Normalmente, con los tres primeros términos de la serie es suficiente, cubriendo un amplio intervalo de temperaturas con poco error. Por tanto:

$ \begin{align} \Delta H°_{\!\! \lower 2mu {T_2}} &= \Delta H°_{\!\! \lower 2mu {T_1}} + \int_{T_1}^{T_2} (\Delta \alpha + \Delta \beta T + \Delta \gamma T^2) \, dT = \\[1ex] &= \Delta H°_{\!\! \lower 2mu {T_1}} + \Delta \alpha (T_2 - T_1) + \Delta \beta \left( \dfrac{T_2^2}{2} - \dfrac{T_1^2}{2} \right) + \Delta \gamma \left( \dfrac{T_2^3}{3} - \dfrac{T_1^3}{3} \right) \end{align} $

- Temperatura máxima de llama y presión máxima de explosión:

$\ce{C_{(s)} + O2_{(g)} -> CO2_{(g)}}$

Una reacción como ésta, en general una reacción de combustión, es exotérmica (calor de reacción negativa). Siendo la presión constante, se supone proceso adiabático, aunque sea en un sistema abierto, ya que es tan rápido que no da tiempo a que el calor se transfiera al medio, aumentando la temperatura del sistema (los productos resultantes de la reacción) pudiendo dar lugar a una llama. Esto es:

$\Delta H = Q_P = 0$   ($P =$ cte.)

$\ce{{Reactivos} ($T$1) -> {Productos} ($T$2)}$

Como la entalpía es función de estado, no depende del camino, puede plantearse (hipotéticamente), para la combustión, que:

$\ce{ {Reactivos} ($T$_1) \xrightarrow[\smash{\Delta H_{\rm reac}}]{\smash{\text{reacción}}} {Productos} ($T$_1) \xrightarrow[\smash{\Delta H_{\rm calent}}]{\smash{\text{calent. prod.}}} {Productos} ($T$_2) } $

Lo que se observa como un proceso único, se ha descompuesto en dos. Por tanto:

$ \begin{array}{c} \Delta H = \Delta H_{\rm reac} + \Delta H_{\rm calent} = 0 \\[1ex] -\Delta H_{\rm reac} = \Delta H_{\rm calent} \end{array} $

Siendo:

$\Delta H_{\rm calent} = \displaystyle \int_{T_1}^{T_2} \sum (n C_{{\rm m},P})_{\rm prod} \, dT$

Por lo que:

$-\Delta H_{\rm reac} = \displaystyle \int_{T_1}^{T_2} \sum (n C_{{\rm m},P})_{\rm prod} \, dT$

Así, entonces, con esta última ecuación, conocidas la temperatura inicial, la reacción, i.e. su estequiometría y su entalpía de reacción, y las calores molares de los productos, puede calcularse $T_2$, conocida como temperatura máxima de llama.
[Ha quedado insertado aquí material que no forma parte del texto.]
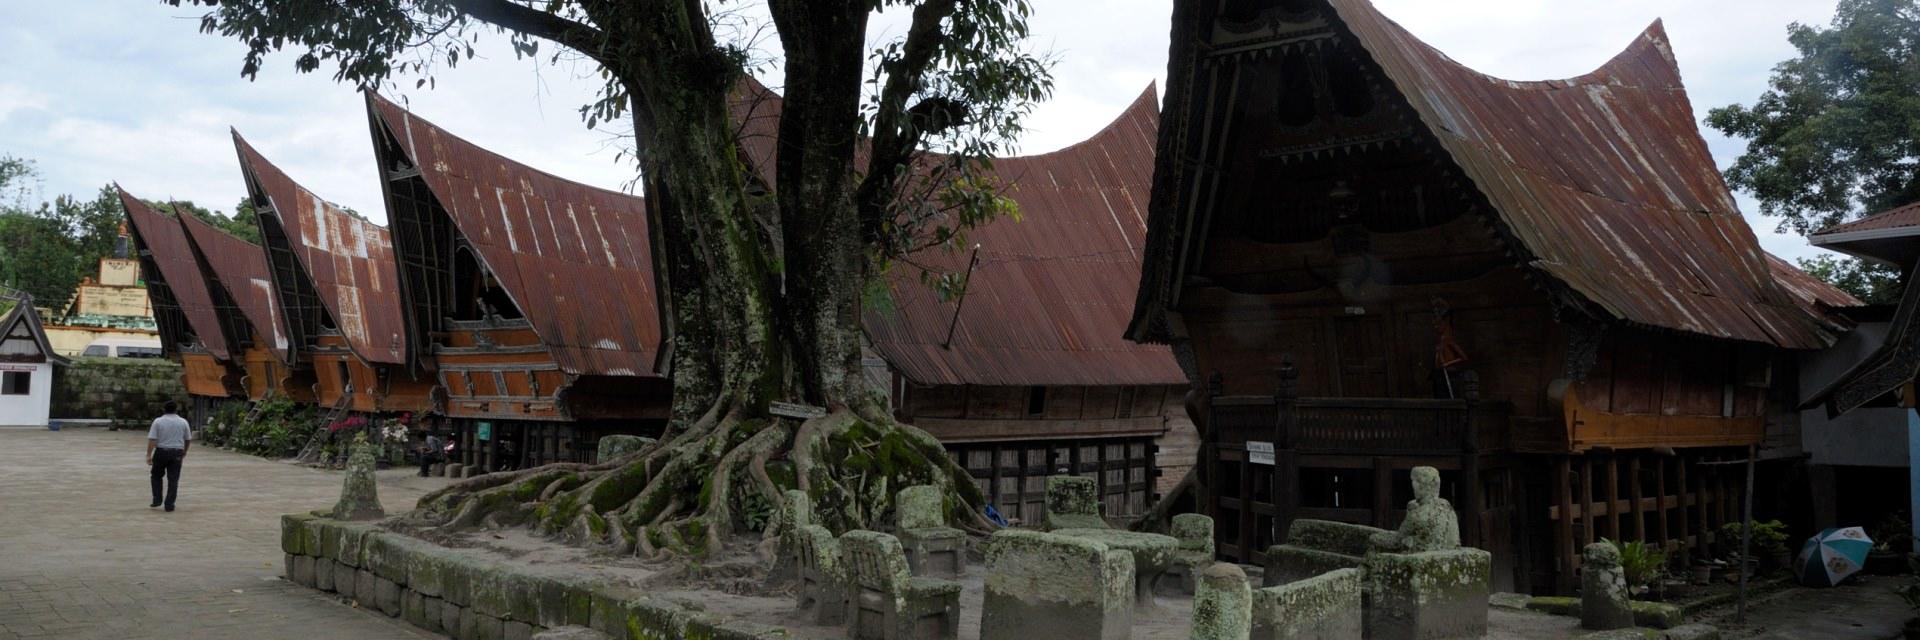 Huta Siallagan di Samosir Perkampungan Kanibal Huta Siallagan di Samosir Perkampungan Kanibal - Dolan Dolen

En la realidad, el valor de la temperatura de la llama será algo menor que el calculado, ya que lo planteado es una idealización y sí se intercambia algo de calor con el medio. Mejorando la combustión puede acercarse, sin alcanzarlo, la temperatura real de la llama al valor máximo de $T_2$ calculado.

Si en vez de la presión fuera constante el volumen:

$\Delta U = Q_V = 0$   ($V =$ cte.)

Siguiendo un método análogo al anterior, entonces:

$-\Delta U_{\rm reac} = \Delta U_{\rm calent} = \displaystyle \int_{T_1}^{T_2} \sum (n C_{{\rm m},V})_{\rm prod} \, dT$

De donde se calcularía $T_2$, aquí la temperatura máxima de explosión.
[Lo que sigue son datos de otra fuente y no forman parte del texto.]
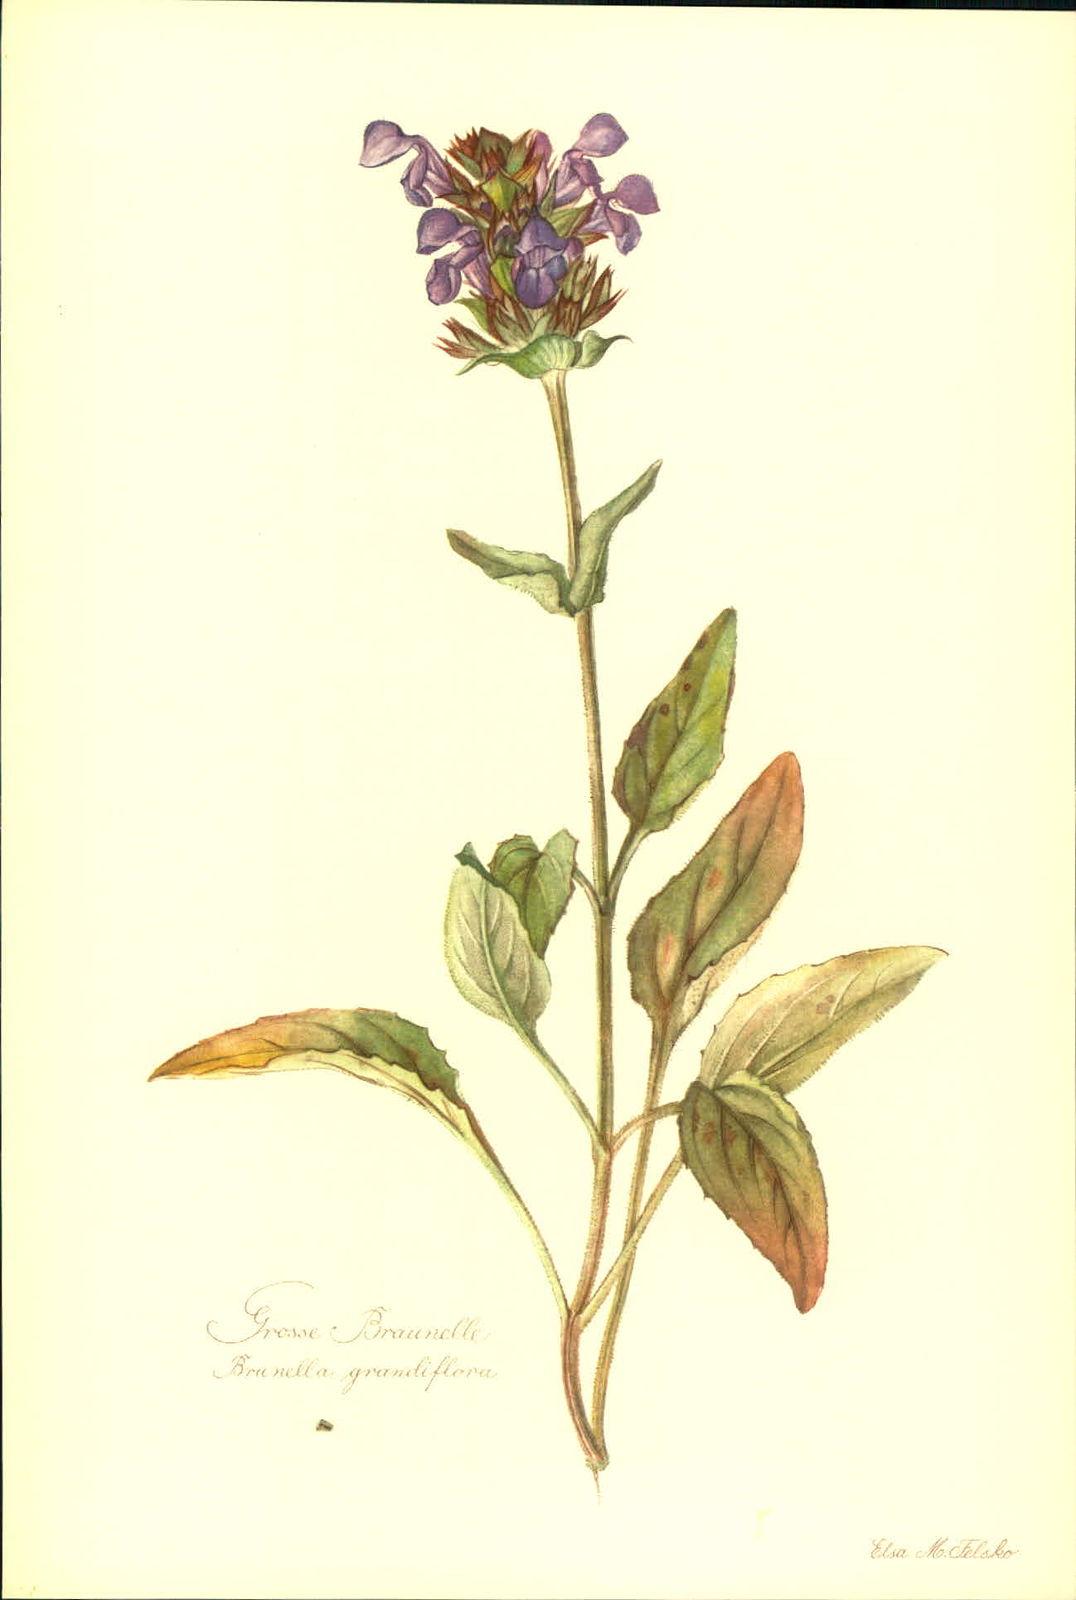 Große Braunelle (Brunella grandiflora). Kunstdruck nach Aquarell von Elsa M. Felsko.

Relaciones vistas, donde se considera gas ideal, que podrían ser útiles aquí:

$ \begin{array}{c} C_{{\rm m},P} - C_{{\rm m},V} = R \\[1ex] \Delta H_{\rm reac} = \Delta U_{\rm reac} + \Delta nRT \end{array} $

Por último, con la temperatura máxima de explosión y, como dato adicional necesario, conocido el volumen, aunque es una estimación:

$P_2 = \dfrac{nRT_2}{V}$   Presión máxima de explosión.